Pense bem, você conhece psychiatric people.

Encontro fugaz

Era um dia sem nada especial. Estava voltando tranquilamente para casa. No meu caminho, há uma via rápida sem sinalização. Só é possível passar lá porque tem uma lombada por perto. Quando cheguei, a rua estava praticamente vazia. O único carro que passava era um velho, que andava devagar, cheio de coisas dentro. Ele diminuiu ainda mais a velocidade pra passar na lombada, e eu atravessei calmamente porque ainda dava tempo. Eis que do nada surgiu um carrão, desses utilitários. Ele veio a toda, e pra desviar do carro que vinha lento, veio pra cima de mim e ficou muito perto de me atropelar. Eu olhei para a motorista e ergui os ombros, indignada. Aí essa mulher olhou bem para a minha cara e me imitou. Ela ergueu os ombros também e fez umas caretas horríveis, como se estivese fosse eu me queixando. De tranquila passei a louca da vida num instante. Se tivesse algum sinal por perto, alguma parada, alguma maneira, eu teria moído aquela criatura. Teria riscado o carro, partido pra briga, jogado uma pedra, feito qualquer coisa. Porque era o cúmulo quase ter sido atropelada e ainda assistir aquilo.

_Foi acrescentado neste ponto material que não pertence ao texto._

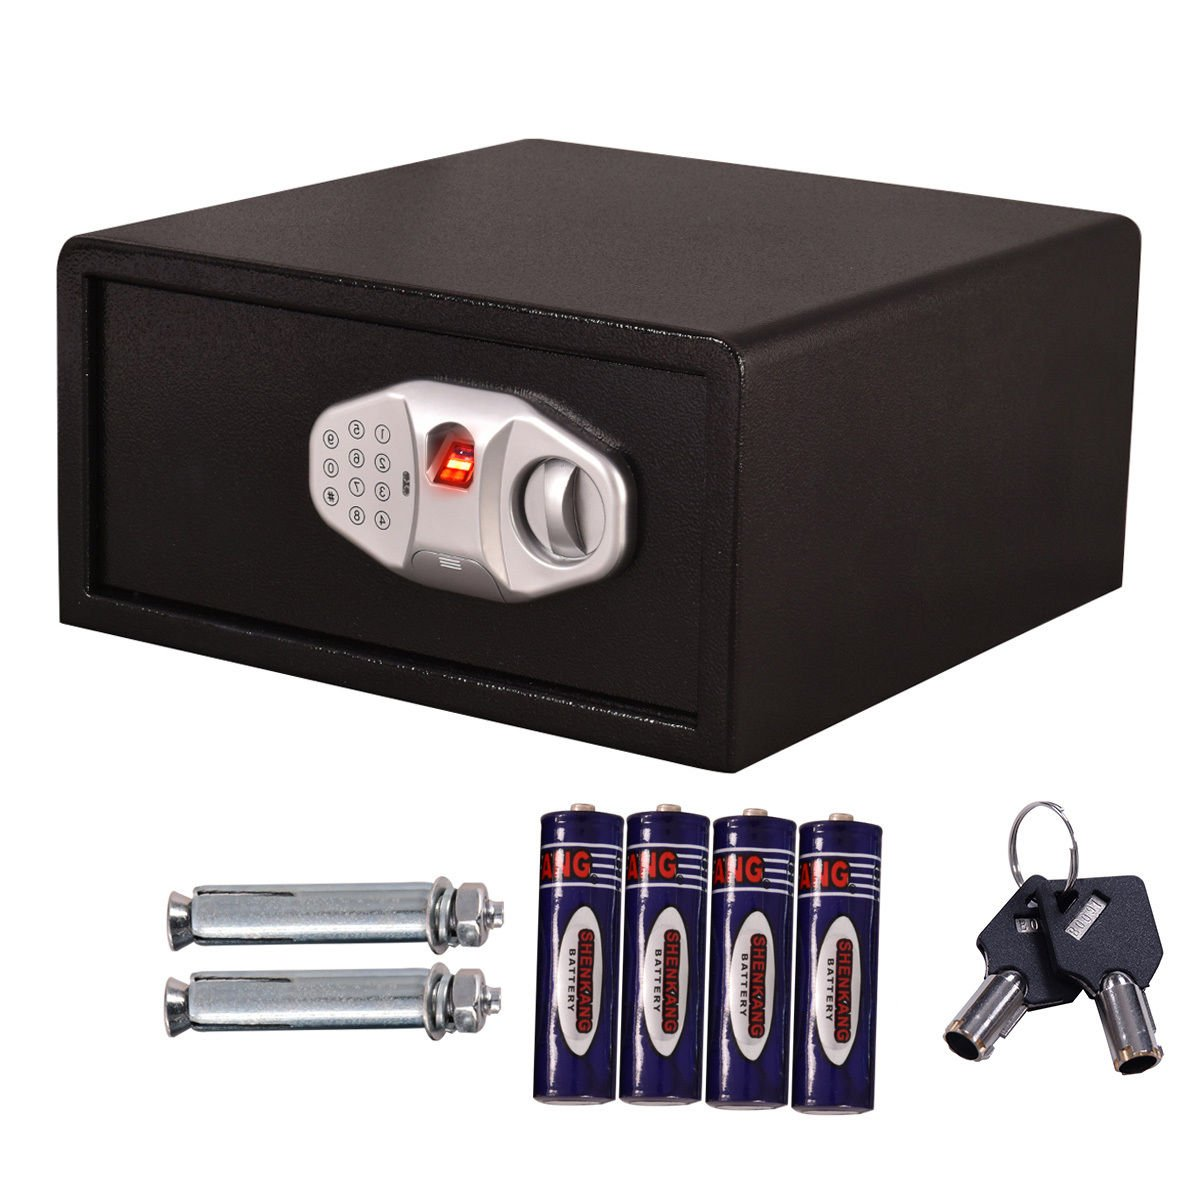 Safstar Security Safe Biometric Fingerprint Electronic Digital Keypad Lock Wall Cabinet for Money Gun Jewelry(FS Style: 15.7'' x 15.7'' x 7.8)

Mas eu estava de pedestre e ela em alta velocidade, então não pude fazer nada. Minha vingança é ter certeza de que a criatura bebe muito suco cuspido por aí.

Passou

As redes sociais insistem em nos indicar possíveis amigos, e o resultado geralmente é desastroso. Geralmente conhecemos até demais aquelas pessoas – e gostariamos de esquecer que elas existem. Só deixei de achar essas indicações ruins quando vi, no Facebook, o rosto e o nome de uma moça que não me eram estranhos. Entrei no perfil e era uma bailarina que fez a mesma faculdade que eu. Percebi que ela continua linda, bailarina e adorável, como sempre foi. Com muita frequencia, ela era maravilhosa demais pra minha auto-estima. Só que o tempo passou. Ela está longe, eu conheci outras pessoas e tenho outros planos. Foi ótimo perceber que algumas coisas perdem importância, só porque o tempo passou.

Curtas de pós-viagem

* Ah, Cataratas! Só elas já valeriam uma visita à Foz do Iguaçu. No roteiro personalizado que farei na próxima vez que for para lá, dedicarei mais tempo a elas – quero andar pela passarela de novo, fazer o Macuco e o lado argentino. Ir lá no meio, aquela chuva, todos correndo inutilmente pra se proteger e eufóricos – chega a ser uma experiência espiritual.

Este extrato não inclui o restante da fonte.